Recorded data
--------------------------------

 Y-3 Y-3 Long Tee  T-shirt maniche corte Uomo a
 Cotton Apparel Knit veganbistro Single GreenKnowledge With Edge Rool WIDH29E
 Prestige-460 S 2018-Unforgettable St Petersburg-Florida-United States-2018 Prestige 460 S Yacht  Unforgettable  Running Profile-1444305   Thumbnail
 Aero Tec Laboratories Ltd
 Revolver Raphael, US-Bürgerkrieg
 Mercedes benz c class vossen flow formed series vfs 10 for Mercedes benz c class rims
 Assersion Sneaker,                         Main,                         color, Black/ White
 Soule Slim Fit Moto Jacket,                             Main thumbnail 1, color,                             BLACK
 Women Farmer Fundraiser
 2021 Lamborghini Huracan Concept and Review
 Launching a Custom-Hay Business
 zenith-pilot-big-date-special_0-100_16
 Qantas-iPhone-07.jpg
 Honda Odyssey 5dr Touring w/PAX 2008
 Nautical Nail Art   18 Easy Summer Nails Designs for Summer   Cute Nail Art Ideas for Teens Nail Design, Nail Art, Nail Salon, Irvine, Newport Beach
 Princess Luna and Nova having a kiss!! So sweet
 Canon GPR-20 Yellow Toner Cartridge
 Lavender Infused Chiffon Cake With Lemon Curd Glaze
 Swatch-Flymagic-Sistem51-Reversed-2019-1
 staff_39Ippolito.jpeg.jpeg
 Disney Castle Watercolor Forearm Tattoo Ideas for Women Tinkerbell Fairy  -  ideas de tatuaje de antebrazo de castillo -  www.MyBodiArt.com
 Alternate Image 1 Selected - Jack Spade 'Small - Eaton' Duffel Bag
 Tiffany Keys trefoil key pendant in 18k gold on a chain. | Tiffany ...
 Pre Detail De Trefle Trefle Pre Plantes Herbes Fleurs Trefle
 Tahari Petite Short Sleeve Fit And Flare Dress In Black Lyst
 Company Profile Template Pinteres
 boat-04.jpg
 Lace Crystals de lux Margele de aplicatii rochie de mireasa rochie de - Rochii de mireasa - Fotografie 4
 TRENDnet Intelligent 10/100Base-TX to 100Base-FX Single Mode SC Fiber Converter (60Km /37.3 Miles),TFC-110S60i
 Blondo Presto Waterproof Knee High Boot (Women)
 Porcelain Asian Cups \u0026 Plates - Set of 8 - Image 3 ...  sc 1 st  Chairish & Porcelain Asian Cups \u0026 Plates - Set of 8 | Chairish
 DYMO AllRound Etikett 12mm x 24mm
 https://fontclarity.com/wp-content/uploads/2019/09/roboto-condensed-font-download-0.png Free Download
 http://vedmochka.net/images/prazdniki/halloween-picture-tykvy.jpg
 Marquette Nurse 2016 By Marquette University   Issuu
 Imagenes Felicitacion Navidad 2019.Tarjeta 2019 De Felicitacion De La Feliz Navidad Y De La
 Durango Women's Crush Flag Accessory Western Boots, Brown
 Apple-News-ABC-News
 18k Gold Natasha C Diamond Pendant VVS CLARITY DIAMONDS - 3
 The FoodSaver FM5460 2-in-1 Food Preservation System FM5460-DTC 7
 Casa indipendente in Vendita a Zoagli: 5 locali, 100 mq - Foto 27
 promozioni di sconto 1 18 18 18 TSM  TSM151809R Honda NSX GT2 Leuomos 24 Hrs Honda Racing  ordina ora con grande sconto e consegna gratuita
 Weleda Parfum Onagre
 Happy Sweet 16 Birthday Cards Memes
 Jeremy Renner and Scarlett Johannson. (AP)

--------------------------------

Exercise objective
Of the entries above, transcribe exactly those lines that fall between the line containing "Tiffany Keys trefoil" and the line containing "Blondo Presto Waterproof", together with those two lines.

Exercise result
 Tiffany Keys trefoil key pendant in 18k gold on a chain. | Tiffany ...
 Pre Detail De Trefle Trefle Pre Plantes Herbes Fleurs Trefle
 Tahari Petite Short Sleeve Fit And Flare Dress In Black Lyst
 Company Profile Template Pinteres
 boat-04.jpg
 Lace Crystals de lux Margele de aplicatii rochie de mireasa rochie de - Rochii de mireasa - Fotografie 4
 TRENDnet Intelligent 10/100Base-TX to 100Base-FX Single Mode SC Fiber Converter (60Km /37.3 Miles),TFC-110S60i
 Blondo Presto Waterproof Knee High Boot (Women)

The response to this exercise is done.